The objectives of this study are as follows: (1) to assess acquisition of BG-PDT procedural competency with a simulation-based mastery learning training program in a prospective cohort of novices and (2) to validate the training program by assessing the transfer of acquired skills into cadaveric models.
The institutional review board approved this project (Approval Number 180704005, Comité de Ética en Investigación, Facultad de Medicina, Pontificia Universidad Católica de Chile) and waived the need for written informed consent.
Training Program Design
This study was designed following recent expert recommendations for mastery educational research.26 This study consisted of a prospective interventional study in a cohort of trainees from January 2019 to July 2019, divided in 2 parts: the BG-PDT training program and the cadaveric transfer of skills. The study protocol is shown in Figure 1. The training protocol was conducted in the simulation center and the cadaveric laboratory of Pontificia Universidad Católica de Chile.

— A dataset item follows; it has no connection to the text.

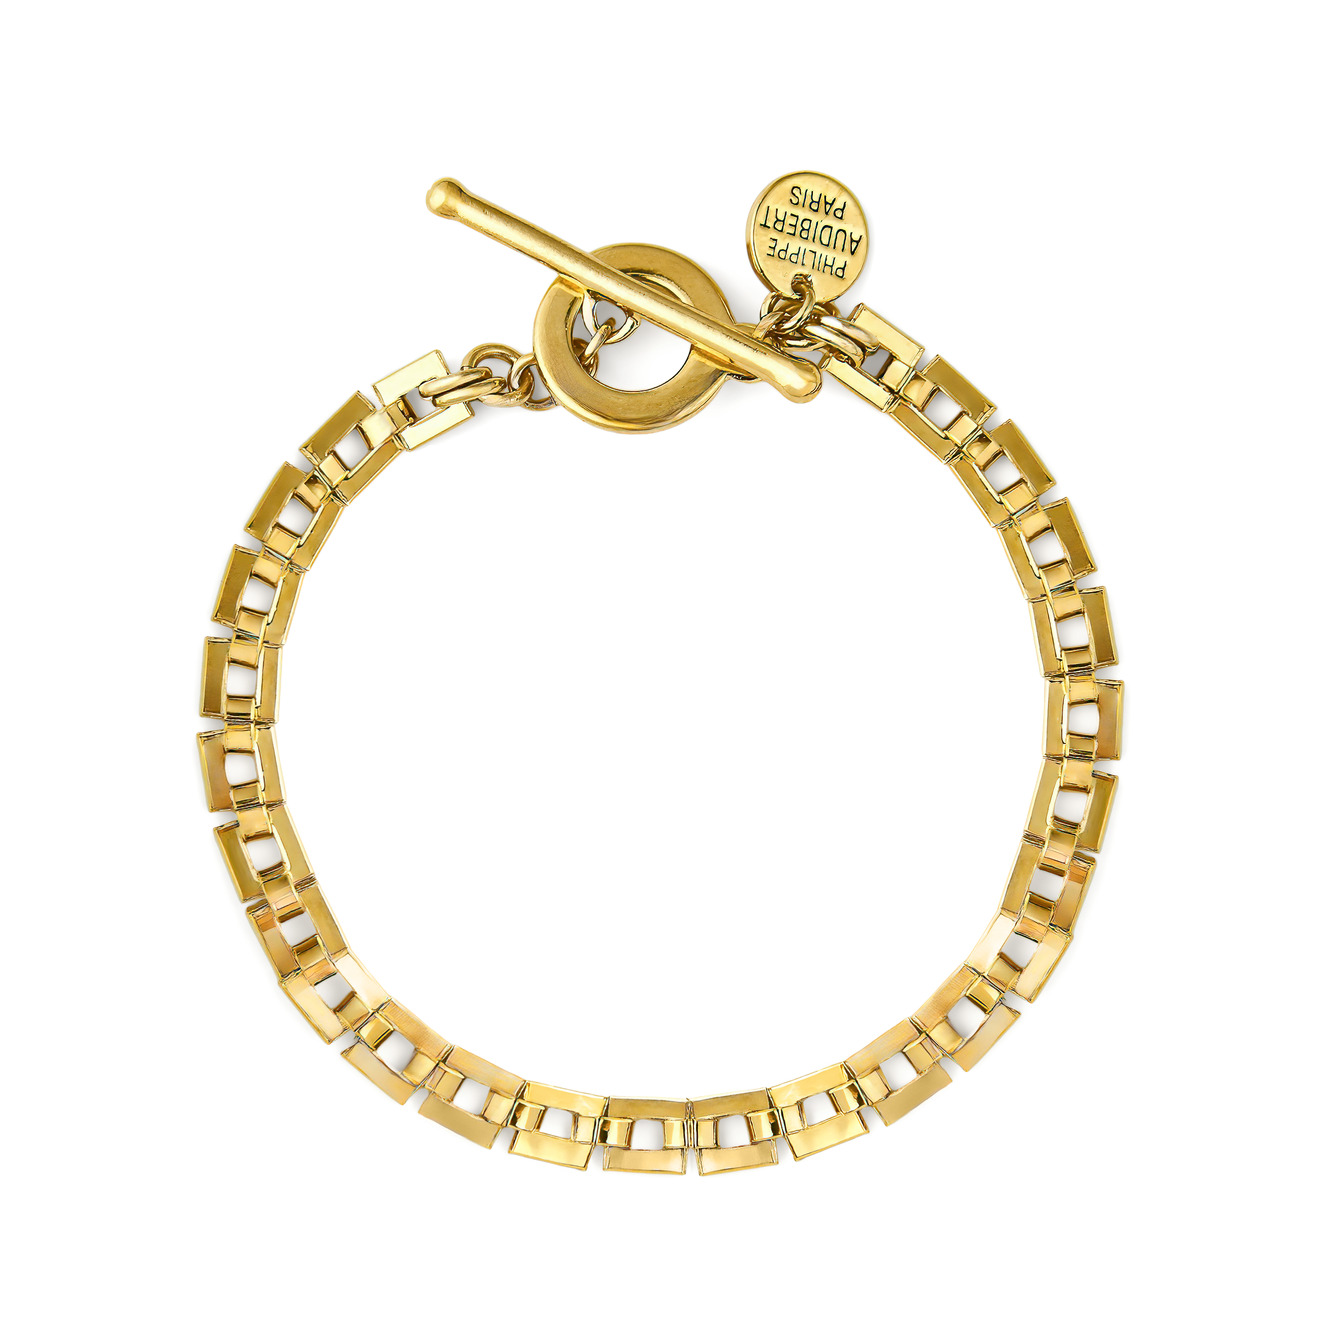 Philippe Audibert Позолоченный браслет-цепь Avner с квадратными звеньями philippe audibert колье цепь с разными звеньями yatus покрытое серебром

Inclusion criteria for participant selection included the following: senior (postgraduate year 3) residents from anesthesiology, emergency medicine, internal medicine, or first-year intensive care fellows. Exclusion criteria included prior clinical or simulation experience in BG-PDT. Participation in the study protocol was voluntary, and trainees could desist from continuing at any time point.
Before starting the training, participants were handed BG-PDT step-by-step instructions, selected bibliography, and a video recording of an expert execution both in the simulator and in a real patient. Because of local preferences, the BG-PDT technique used was the modified Ciaglia single-tapered dilator technique8,27 and performed with Ciaglia's Blue Rhino kit (Cook Medical LLC, Bloomington, IN). Before the first execution, both the simulator and PDT kit were presented to participants, and relevant questions were resolved.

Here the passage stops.